Great Decisions Analysis examines topics in the news based on the FPA's renowned Great Decisions series
May 29, 2008
As India's political and financial powers grow, the nation will attempt to use its newfound leverage to spread and defend its interests regionally and worldwide. This changing policy can be witnessed by India's recent diplomatic and strategic movements in Central Asia. In the past few years, the Indian government has increased its contacts with the region's leaders, become an observer to the Shanghai Cooperation Organization (SCO), set up its very first military base in a foreign nation, Tajikistan, and signed a Memorandum of Understanding (MoU) with Turkmenistan regarding major gas procurements. India's growing interest in Central Asia and the prospects and challenges for its present and future engagement in the region will be an intriguing geopolitical event to watch. Also of interest is what the Central Asian states have to gain in such a relationship and what India's growing regional influence means to U.S. interests and policy in the region.

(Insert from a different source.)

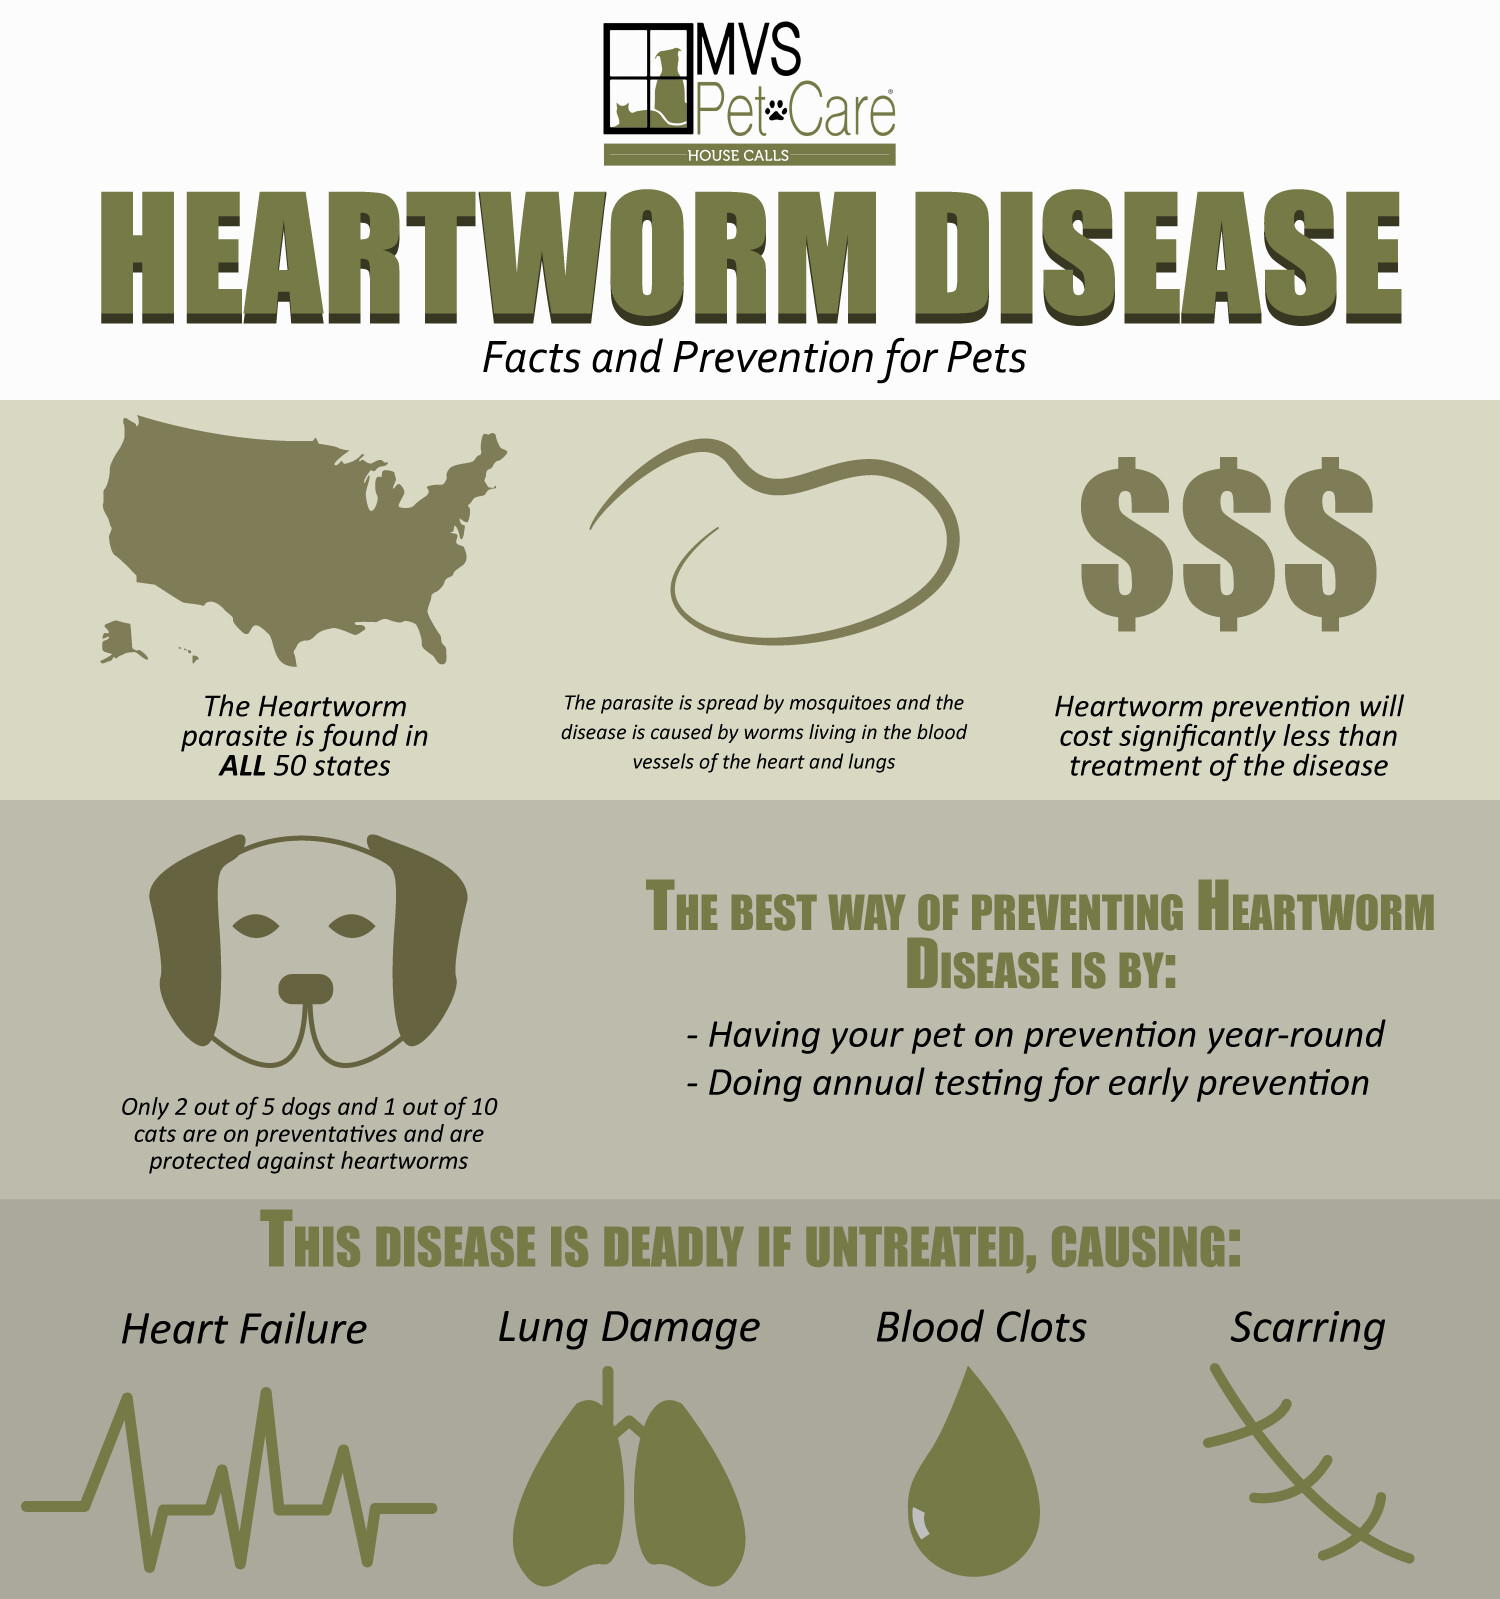 ArtStation - MVS Pet Care Heartworn Disease Infographic

India's Interests in Central Asia
India is a rising great power and with this comes not only an increasing ability to protect and advance ones interests internationally, but also heightened responsibility, for maintaining its still tenuous hold on its growing strength needs constant attention. For instance, as India's economy prospers, it continually requires more and more natural resources. On the same note, its expanding economy and international reach provide more targets for terrorist activities and more contact with hostile great powers, such as China. These new prospects and challenges can be seen in India's current Central Asian relations and strategy.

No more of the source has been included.